In 2011, he starred as Jon Gold on the web series Explosion Bus created by Tom Snyder and co-developed with Katz, Snyder and Tom Leopold. In the spring of 2012, Katz taught a theater class at Brandeis University in Short Form Comedy. On September 3, 2014, Katz appeared on Ken Reid's TV Guidance Counselor Podcast.

== Personal life ==
As a young man, Katz dated Valerie Velardi, who later became the first wife of Robin Williams.

Katz went on to marry his current wife, Susan (born 1955), with whom he has two daughters: Julia (born 1983) and Miranda (born 1992).

His paternal grandfather, Bernath Katz, immigrated from Budapest, Hungary.
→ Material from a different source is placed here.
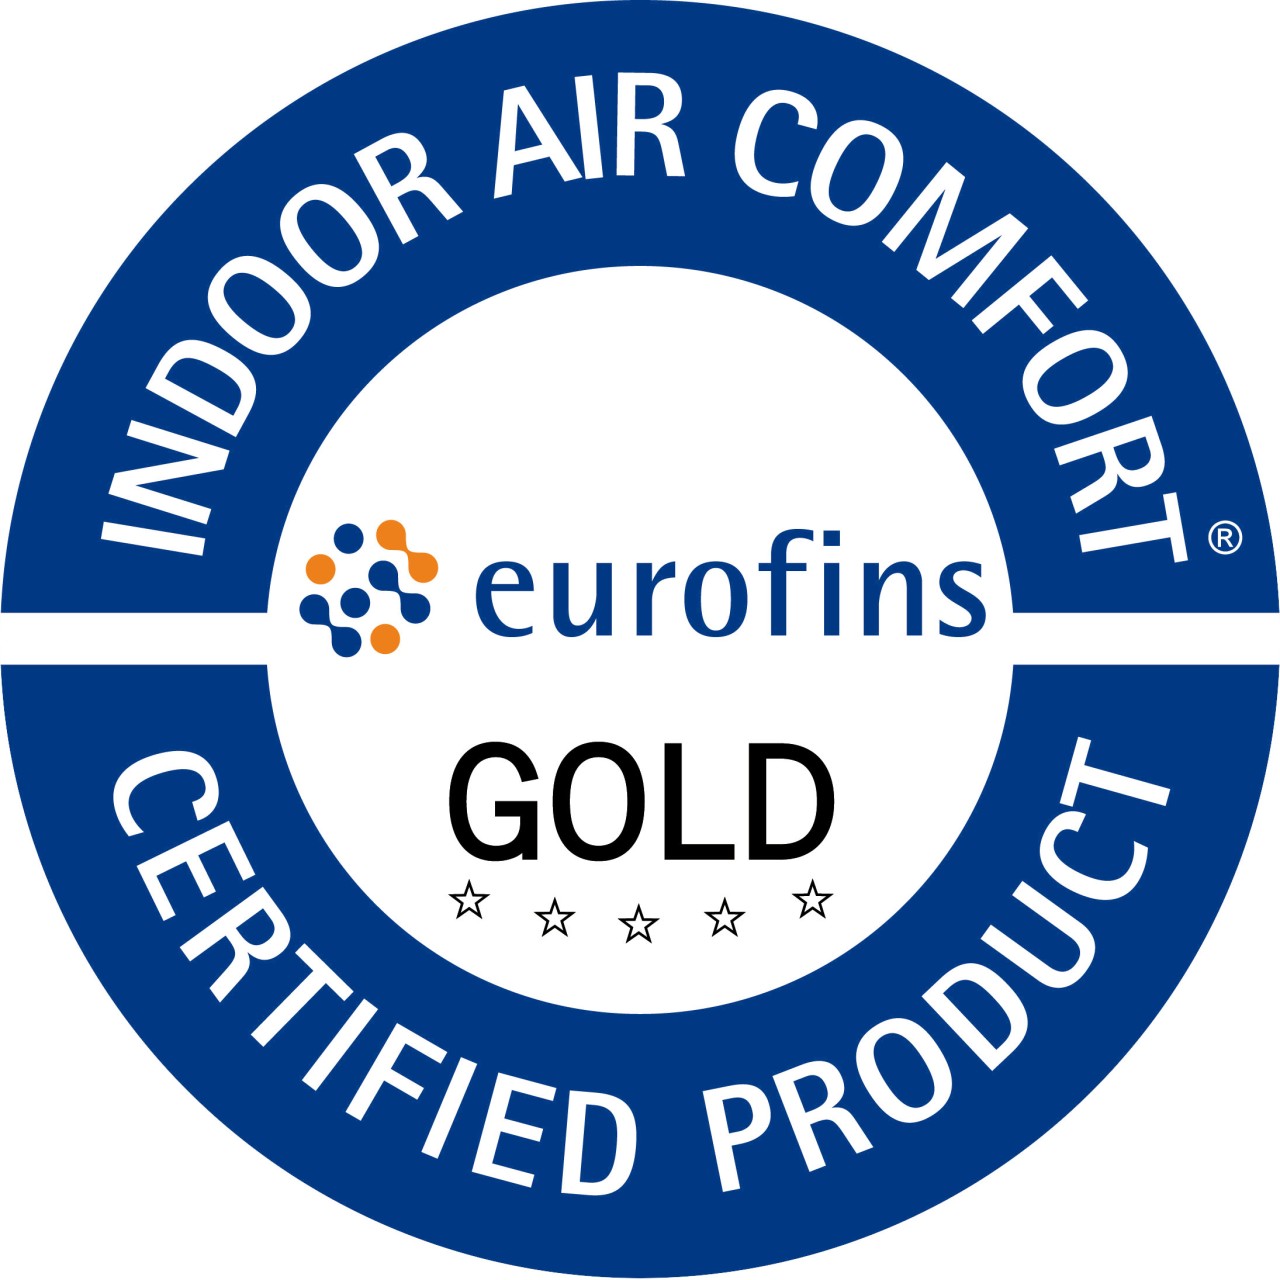 Ambienti salubri e sicuri con FILA Solutions, che ottiene la certificazione Indoor Air Comfort Gold

He is a close friend of playwright David Mamet, with whom he attended Goddard College. Katz co-wrote House of Games with Mamet and had small roles in the Mamet-directed films Things Change, Homicide, The Spanish Prisoner and State and Main.

Originally a musician and songwriter, Katz fronted a rhythm and blues group called "Katz and Jammers" before serving as the musical director for Robin Williams' 1979 standup tour. In 1998, he released Brandon Project, a blues album.